Love, the motive power of all that lives and breathes, must be the guiding star of every disciple who has entered and is making progress upon the Path. It is not only his safety valve at every step of the way, but serves also to fathom the depths of the water surrounding him during his voyage to the other shore. The storms and the winds threatening his tiny barque which he calls Individual Life may often be of such vehemence that constant reliance and steadily increasing faith in the Powers above are needed in order to insure the firmness of his anchorage whenever he tries to find a haven of refuge. The rage of the waves environs the disciple continually, the subtlety of their onslaught is beyond the description of words, it varies with each case and is adapted to everyone's Karmic needs. It is only faith and hope and love which can save the disciple from destruction. His enemies are many and mighty, their number and their power keep increasing as he nears the goal, and his only chance of escape from their jaws is to hide himself in the bosom whither naught that is evil can follow him, the bosom of the Eternal Father and Mother—God.

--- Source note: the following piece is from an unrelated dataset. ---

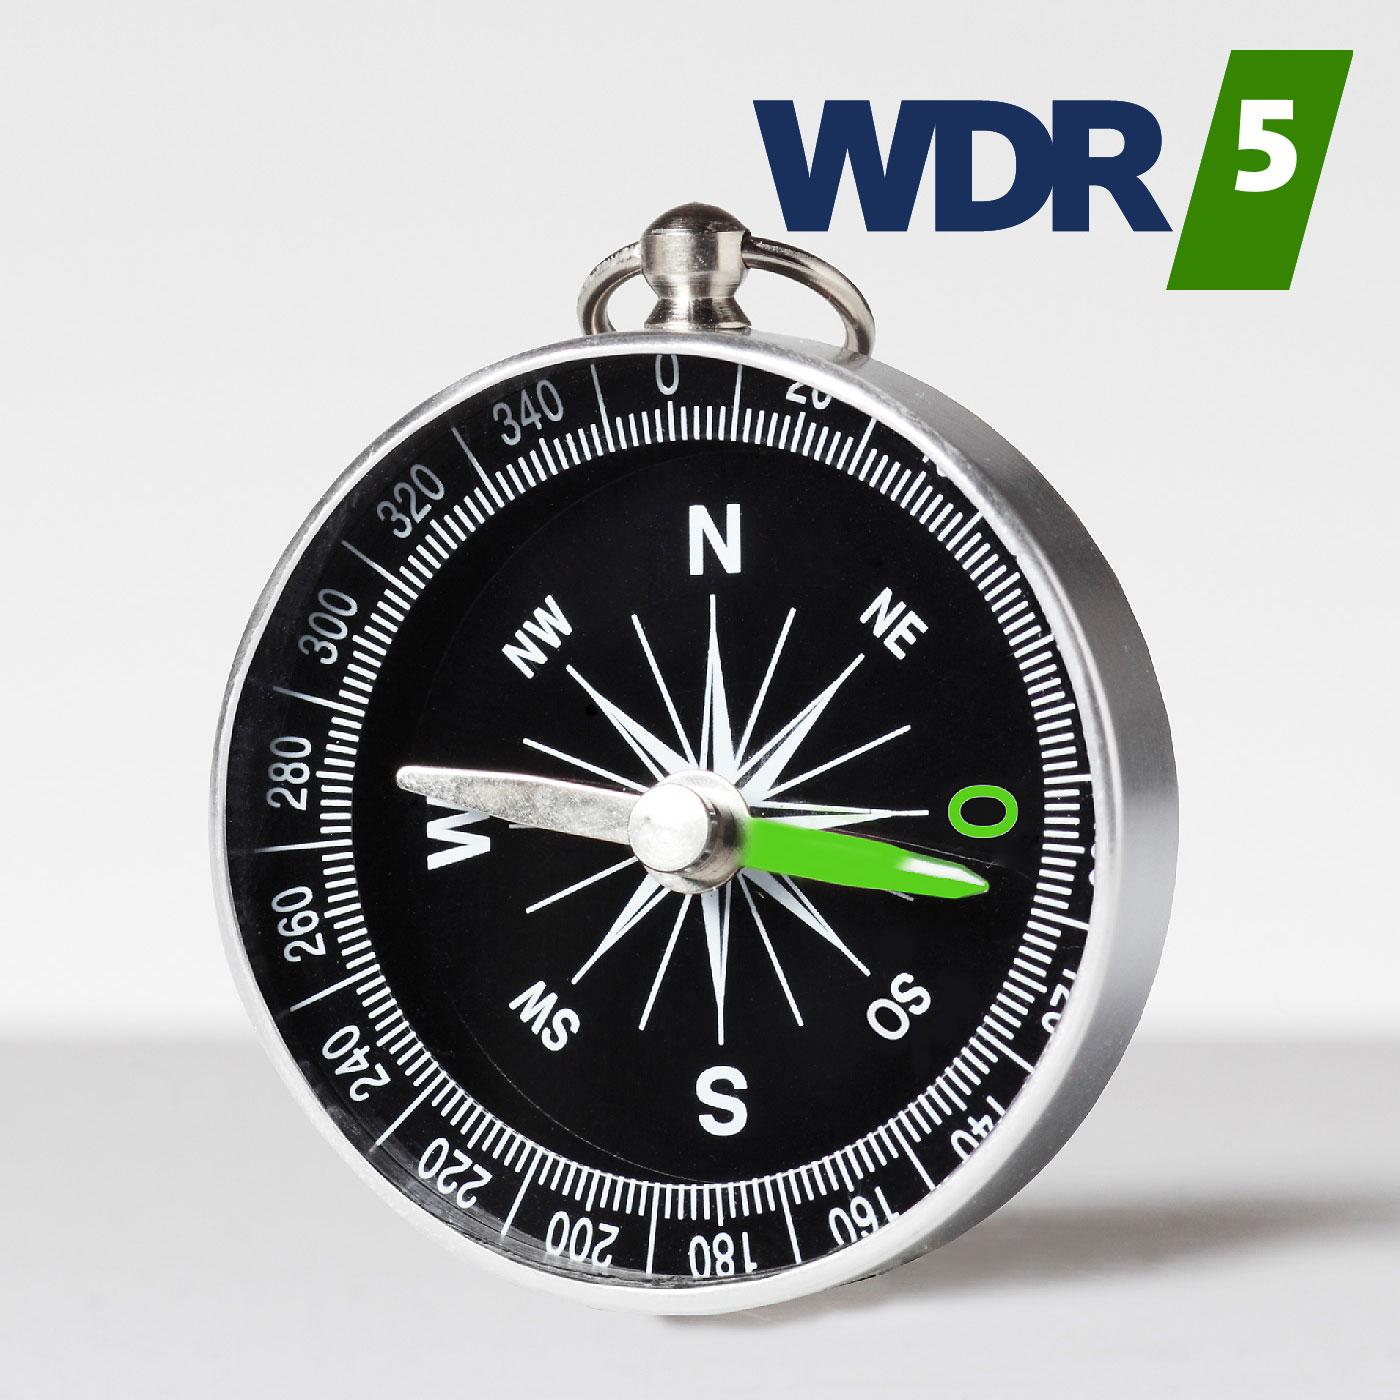 WDR 5 Das Osteuropa-Magazin - wird nicht mehr angeboten

But love, the well-known panacea for all ills of mind and spirit, has been too often looked upon as a sort of goody goodiness which means half weakness and half fear, and it is this which has robbed it of all the precious fruit it otherwise would have produced for those who worshiped at its shrine.

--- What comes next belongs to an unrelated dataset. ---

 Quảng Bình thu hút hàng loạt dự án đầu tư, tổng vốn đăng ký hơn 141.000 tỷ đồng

It is the purpose of these pages to show that love is not a concession of the weaker to the stronger, or a baseless surrender of privilege by the stronger for the unmerited benefit of the weaker, but rather the outcome of the spirit's own unfoldment within man and a proof of the awakening of the slumbering "Lord of lords" within his breast. It is the merit of this exposition to which we humbly call the attention of the intelligent reader, that the subject of all subjects, viz., Love, is treated at the same time in a rational and methodical, logical and scientific manner.
To the doubting world this may still be fancy and childish talk, but we can wait patiently until the doubters grow in knowledge and the gainsayers increase in insight. In the measure that wisdom is being justified of its children, in the course of time these truths will become common knowledge and be no more doubted or wondered at than is at present the beneficial influence of fresh air and its efficiency in the healing of bodily ills.

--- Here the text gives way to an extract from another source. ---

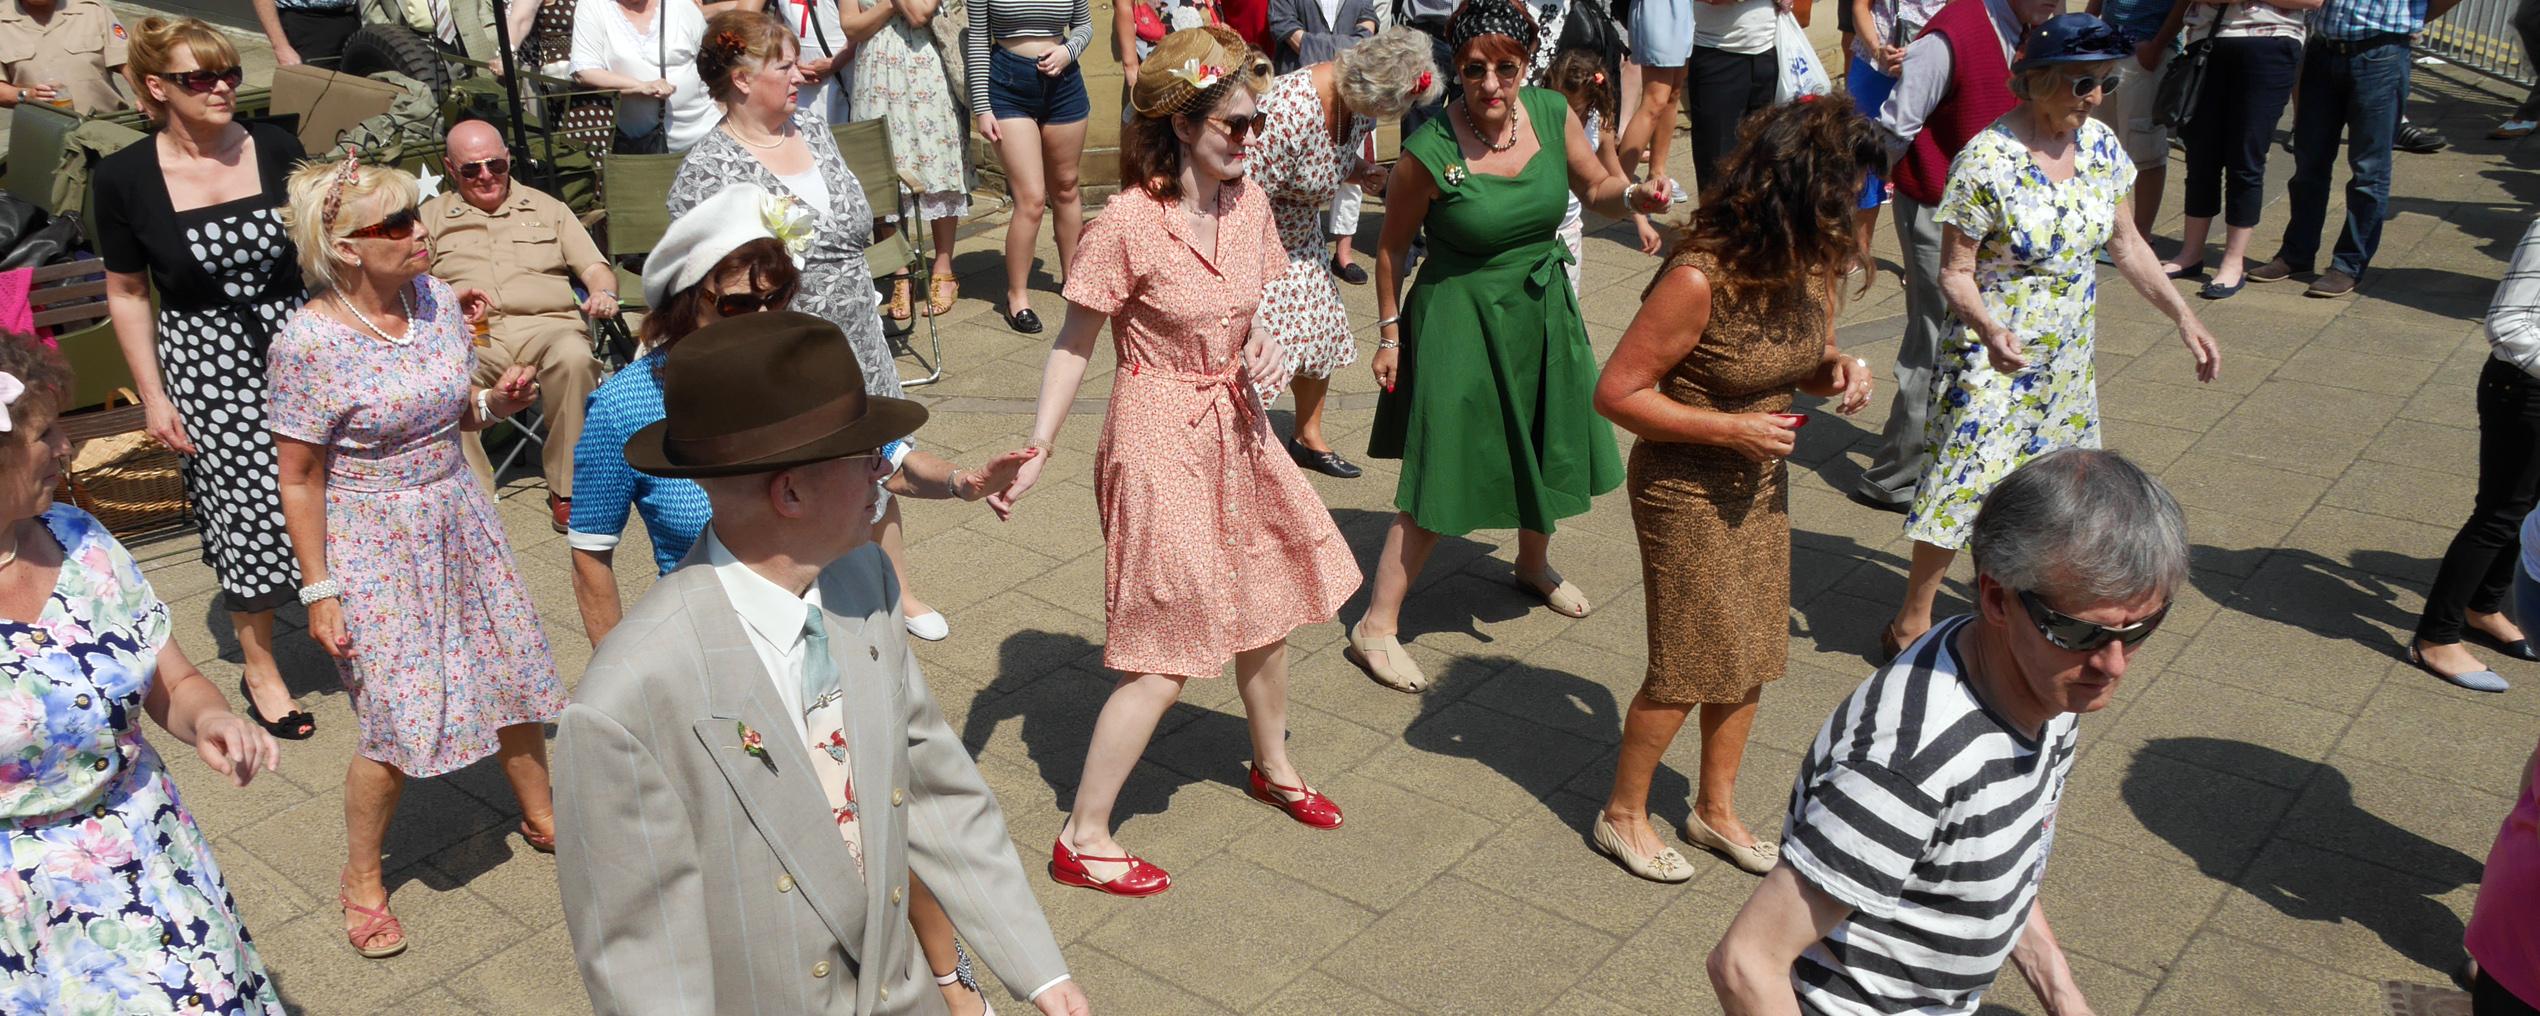 Brighouse 1940s Weekend Dancing 02

The Alchemists, who will forever remain our philosophers, friends and guides in these matters, knew long ago that the whole universe is one homogeneous whole and that we, being members of one another, serve our ends best by living for others.
Sacrifice, therefore, is the highest form of life and self-renunciation the highest form of self-realization. The proofs adduced in favor of this conclusion are so numerous and so substantial as to amount to nothing less than a mathematical demonstration.
SILENCE
The worthiest method of praising God is—to be silent. (The Qabalah.)
Wisdom ripens into silence
When she grows more truly wise
And she wears a mellow-sadness
In her heart and eyes.
Wisdom ripens into silence
And the lesson she does teach
Is that life is more than language
And that thought is more than speech.
Footnotes
31:* The following teaching is taken down verbatim from Mr. Gewurz's dictation while in a semi-entranced condition.